A recursive-descent expression parser exactly mirrors the grammar it's parsing, if it's composed right.  Adding an operator is as simple as identifying its place in the order of operations (in this case, a whole new step, the very last one processed in an expression) and adding a parse handler for it.  You can track out every available operation in Shiro just by tracing out the OOO levels and looking at the operators it handles.  Keyword handlers in the Parser.cs file are basically the same.  It's the most extensible parser I've ever written, sort of the culmination of all my other language projects in the past.  It's also pretty damn fast, although there are areas I know need improvement -- it does what the code tells it to do as soon as it knows how.

I've sort of reached the edge of what I can push in the language right now, I need time to catch the libraries up, make ShiroChan the IDE much better, and begin the never-ending task of optimization.  While the core parser runs like lightning and the variable symbol table keeps itself quite clean, there's work to be done around function dispatch and how lambdas are represented in memory.  I'm playing around with a LISP built on the DLR (more of a clojure than a normal LISP really) and one of the early decisions that made it incredibly easy and flexible was representing the code and the data as the same object type.  That innovation made it into Shiro when I got rid of the hideous VarSym and FuncSym types (which were basically Tokens by another name), but there's a deeper level of integration, namely storing anonymous functions in a more optimal way (as token lists in tokens) and accessing them through the symbol table.  The function table, especially as it relates to anonymous functions, is a nightmare right now because they never go out of scope like variables do.

So, changes coming soon:  IDE improvments, anonymous function memory use and performance optimizations, and some work on the website (needs more documentation and a binary installer at the very least).

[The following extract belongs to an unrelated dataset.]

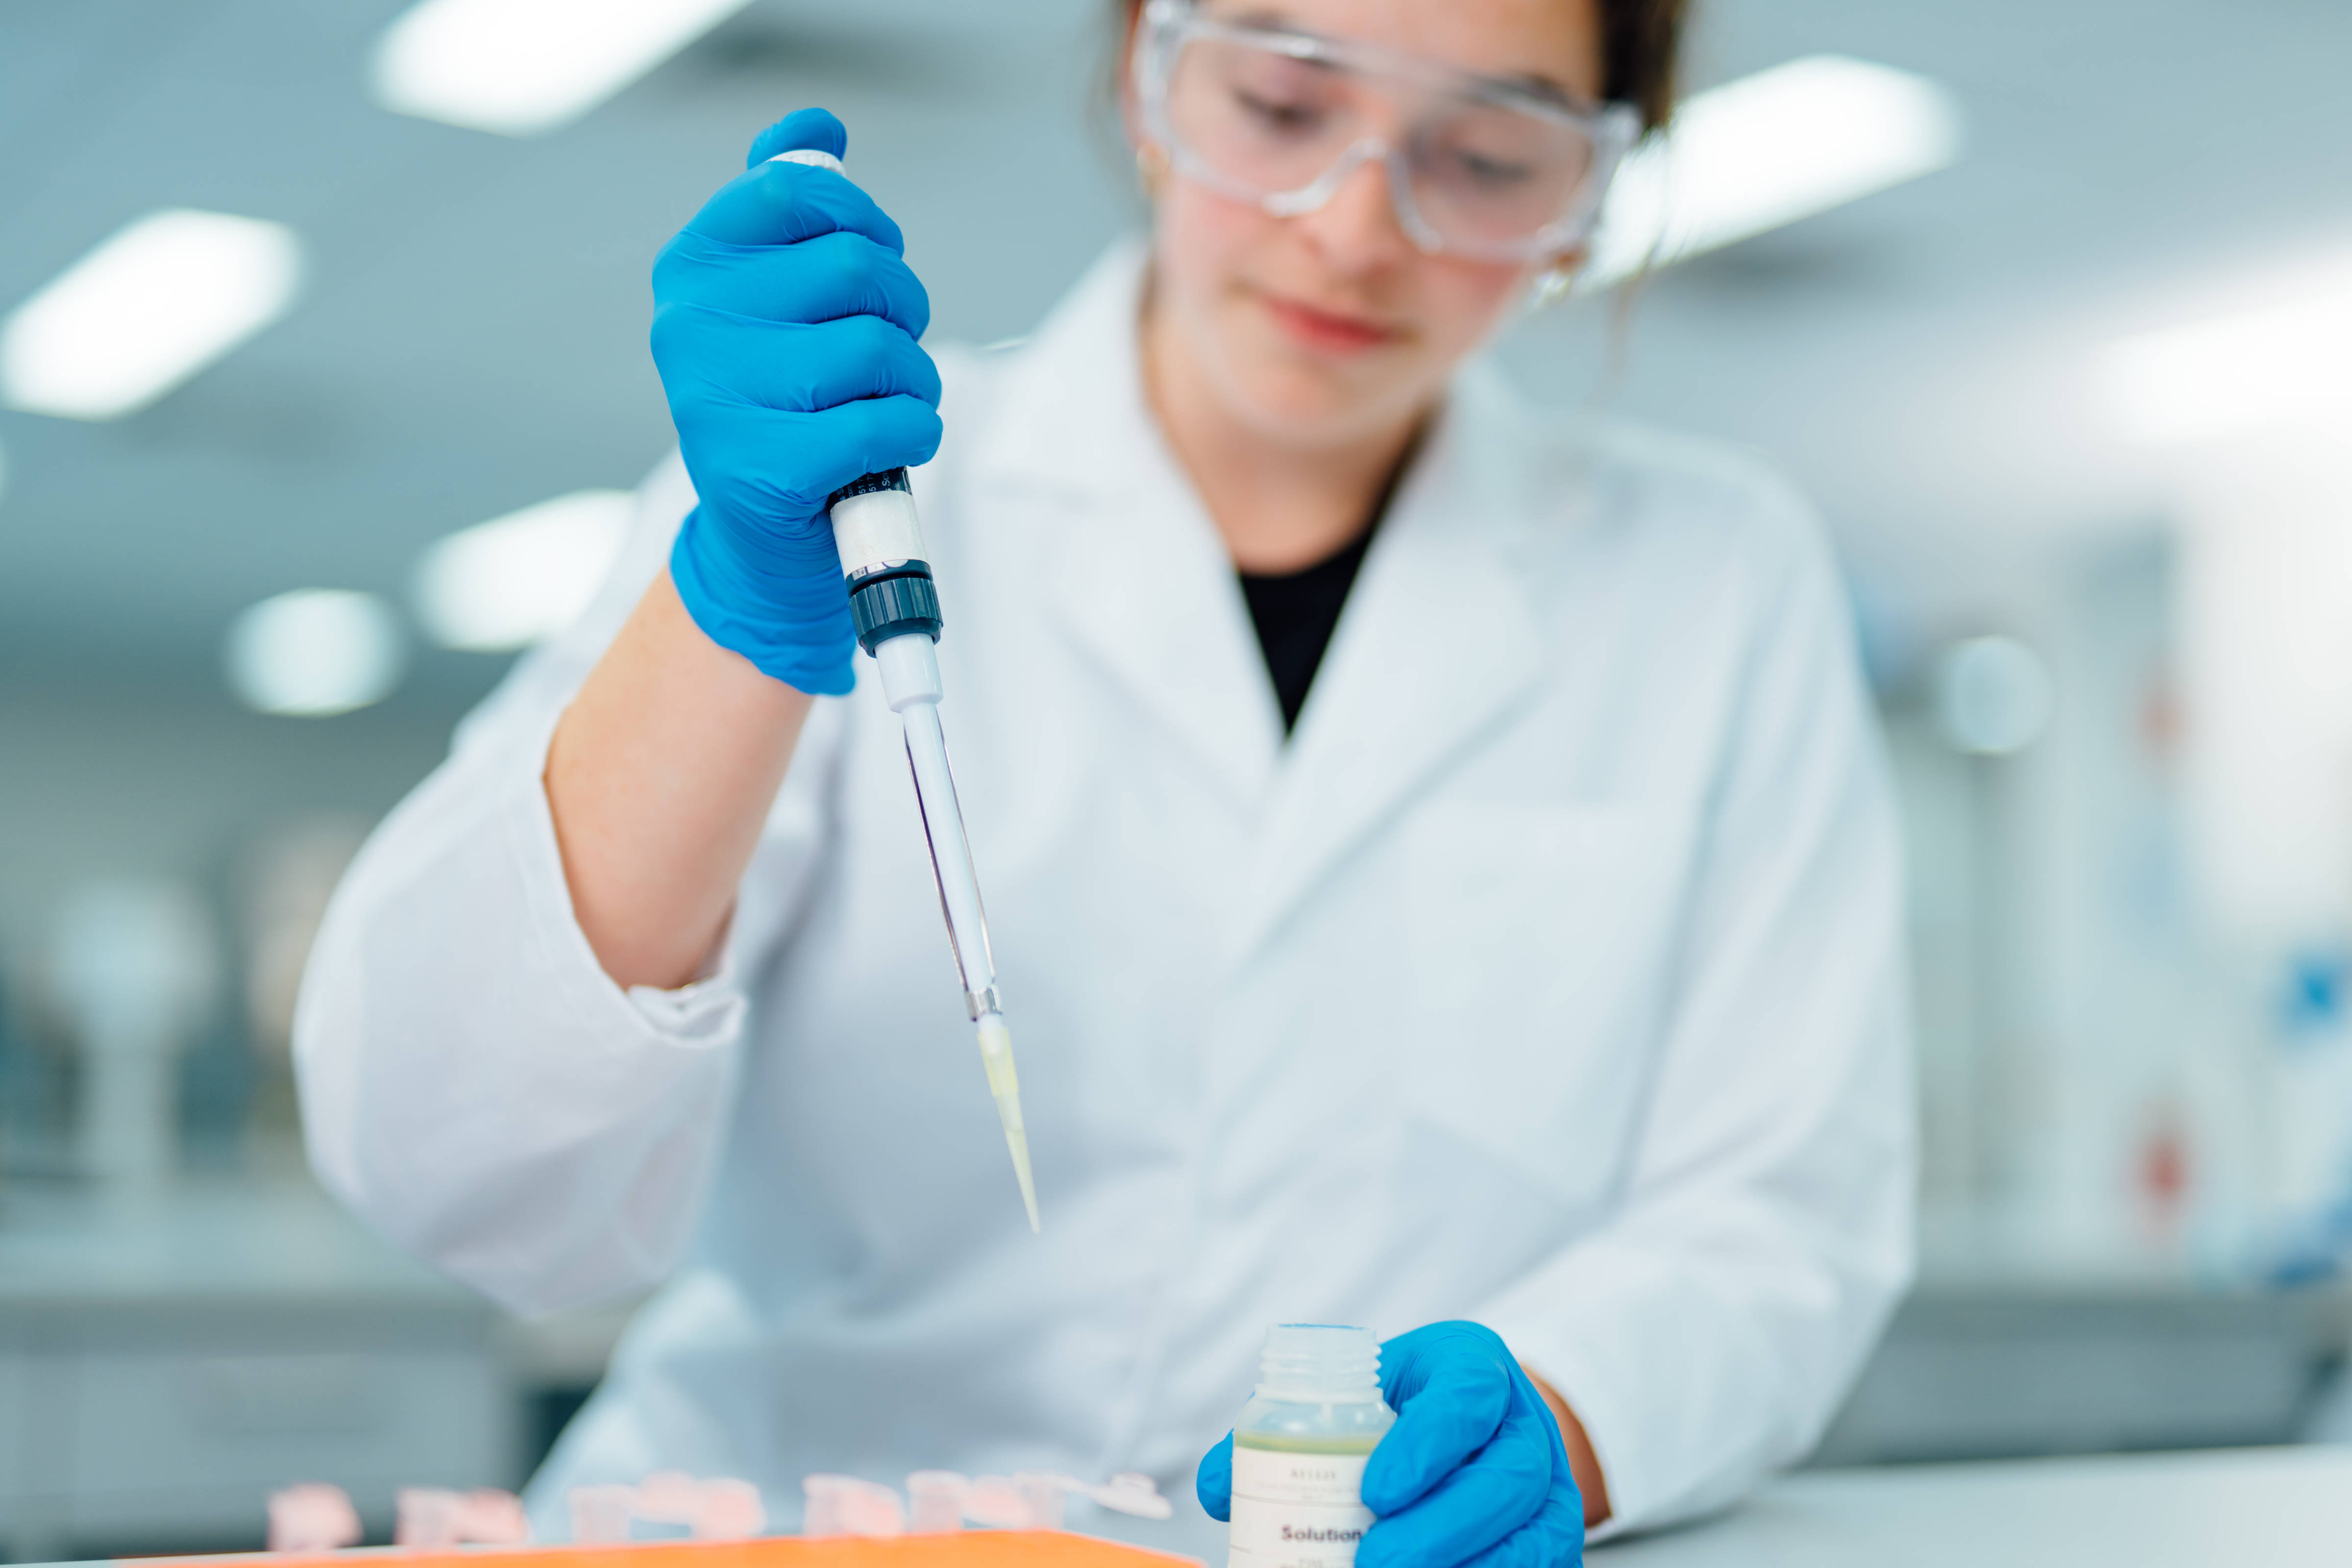 Young female scientist pipetting solution in a laboratory setting. Wearing eye protection, a white lab coat and blue gloves. Photo: University of Tasmania.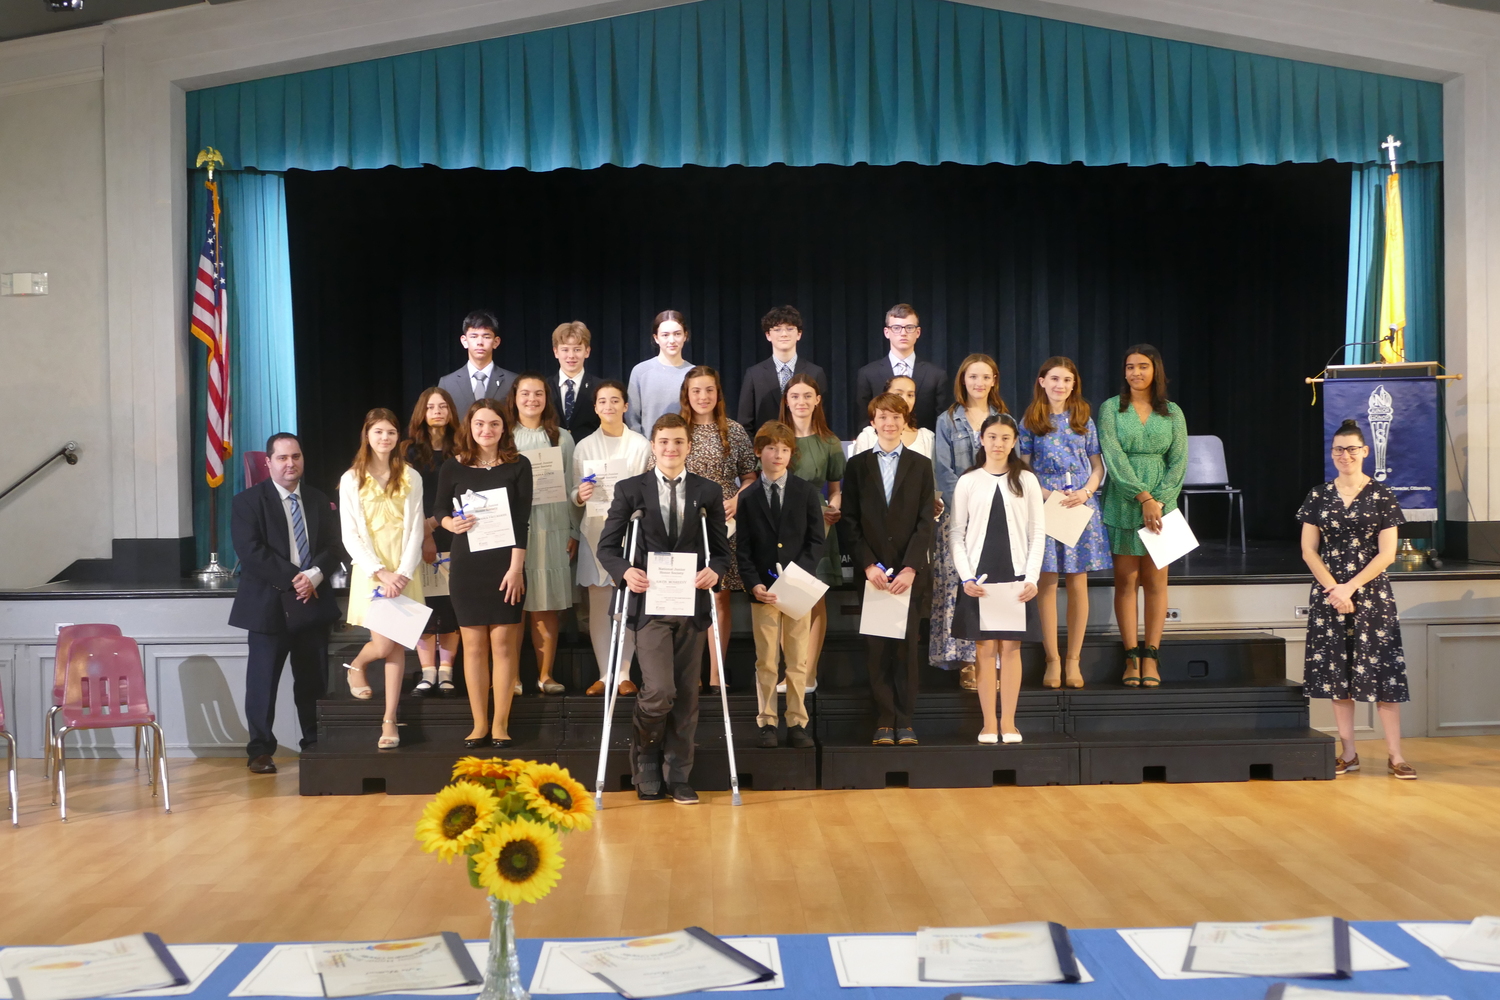 Our Lady of the Hamptons School recently inducted new members into the National Junior Honor Society. COURTESY OUR LADY OF THE HAMPTONS SCHOOL

Fortunately, the hard work on this (removing those deprecated classes and using Tokens for everything) is already done.  I've just been busy lazing about for the holidays and playing with the Http integration and language-level ORM (well, kind of) to focus on the gritty stuff.  Well, new's year resolution is to get this thing shippable, so no more procrastination.

Friday, December 30, 2011

Moved to a real blog host

Well I'd started Shiro's devblog a while back using static HTML (hell, it was the holidays and I was busy on other projects, if you count SW:TOR as a project, anyway).  Rather than trying to munge some existing .NET blog into my simple website project, I figured a free Google one was vastly better, to go along with my Free Google SVN Hosting (Google is pretty cool).

The couple of old blog entries are still available on my site if you want to read them, but all the future updates will happen here.

Happy holidays, non-existent readers!